PROCESS V.
To dissolve Copper in the Mineral Acids.
On a sand-bath, in a very gentle heat, set a matrass containing some Copper filings; pour on them twice their weight of Oil of Vitriol. That Acid will presently attack the Copper. Vapours will rise, and issue out of the neck of the matrass. A vast number of bubbles will ascend from the surface of the metal to the top of the liquor, and the liquor will acquire a beautiful blue colour. When the Copper is dissolved, put in a little and a little more, till you perceive the Acid no longer acts upon it. Then decant the liquor, and let it stand quiet in a cool place. In a short time great numbers of beautiful blue crystals will shoot in it. These crystals are called Vitriol of Copper, or Blue Vitriol. They dissolve easily in water.
OBSERVATIONS.
The Vitriolic Acid perfectly dissolves Copper, which is also soluble in all the Acids, and even in many other menstruums.
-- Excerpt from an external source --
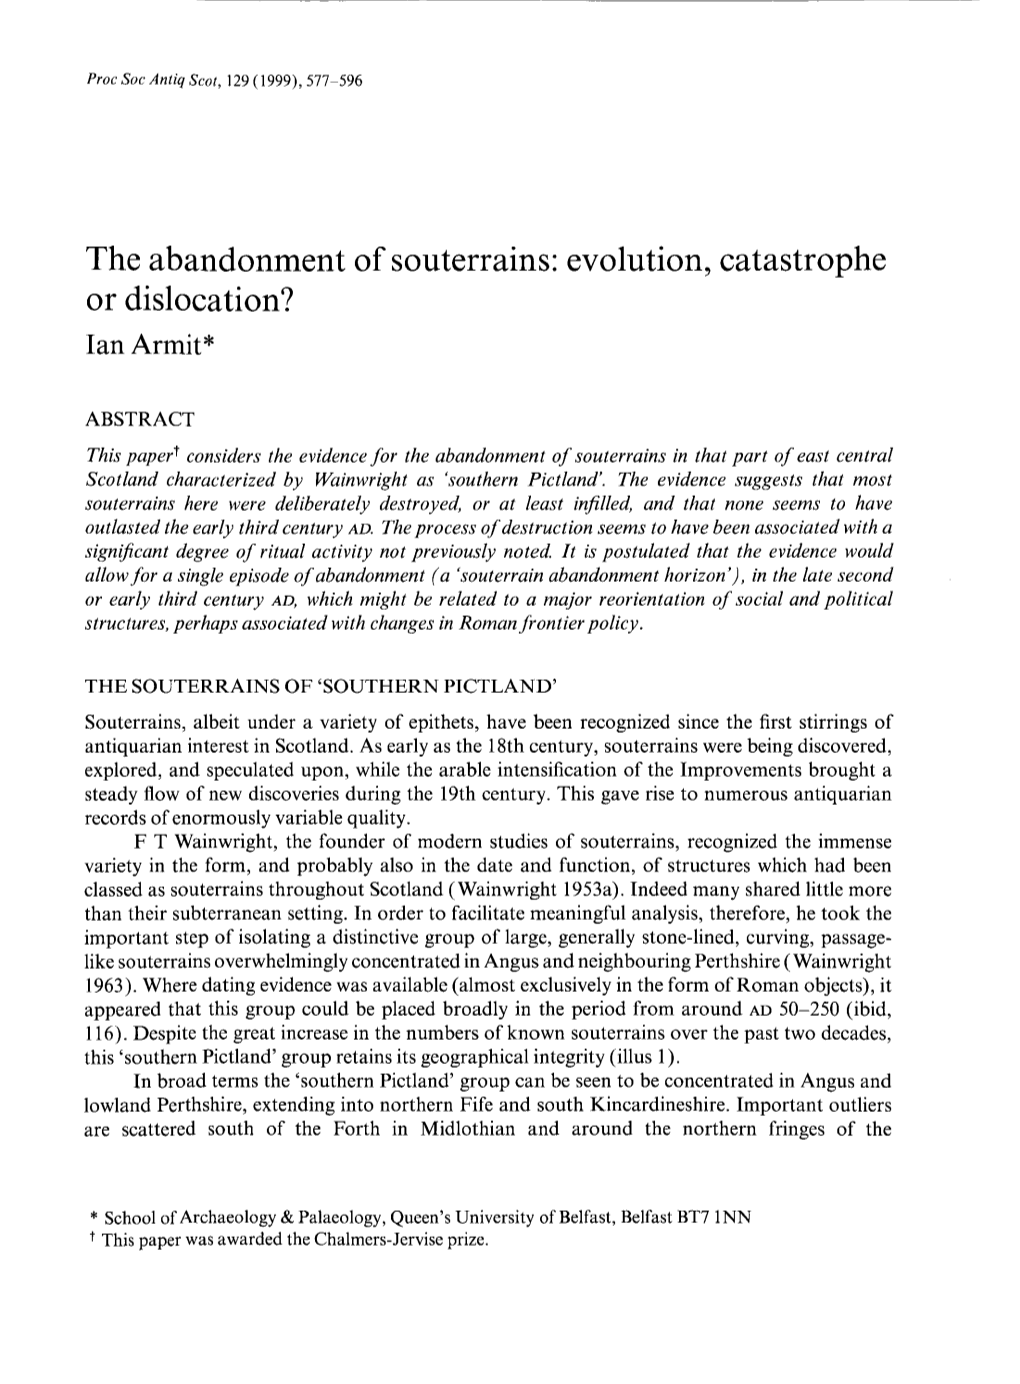 The Abandonment of Souterrains: Evolution, Catastrophe Or Dislocation?

This Acid may be separated from the Copper which it hath dissolved by distillation only: but the operation requires a fire of the utmost violence. The Copper remaining after it must be fused with the black flux, to make it appear in its natural form; not only because it still retains a portion of the Acid, but also because it hath lost part of its phlogiston by being dissolved therein. The black flux is very well adapted both to absorb the Acid that remains united with the Copper, and to restore the phlogiston which the metal hath lost.
The most usual method of separating Copper from the Vitriolic Acid is by presenting to that Acid a metal with which it hath a greater affinity than with Copper. Iron being so qualified is consequently very fit to bring about this separation. When therefore plates of Iron well cleaned are laid in a solution of Blue Vitriol, the Acid soon begins to act upon them, and by degrees, as it dissolves them, deposites on their surfaces a quantity of Copper in proportion to the quantity of Iron it takes up. The Copper thus precipitated hath the appearance of small leaves or scales, exceeding thin, and of a beautiful copper-colour. Care must be taken to shake the Iron-plates now and then, to make the scales of Copper fall off, which will otherwise cover them entirely, hinder the Vitriolic Acid from attacking the Iron, and so put a stop to the precipitation of the remaining Copper.
When these scales of Copper cease to settle on the clean Iron plates, you may be sure all the Copper that was in the liquor is precipitated, and that this liquor, which was a solution of Copper before the precipitation, is a solution of Iron after it. So that here two operations are performed at one and the same time; to wit, the precipitation of the Copper, and the dissolution of the Iron.
The Copper thus precipitated requires only to be separated from the liquor by filtration, and melted with a little black flux, to become very fine malleable Copper.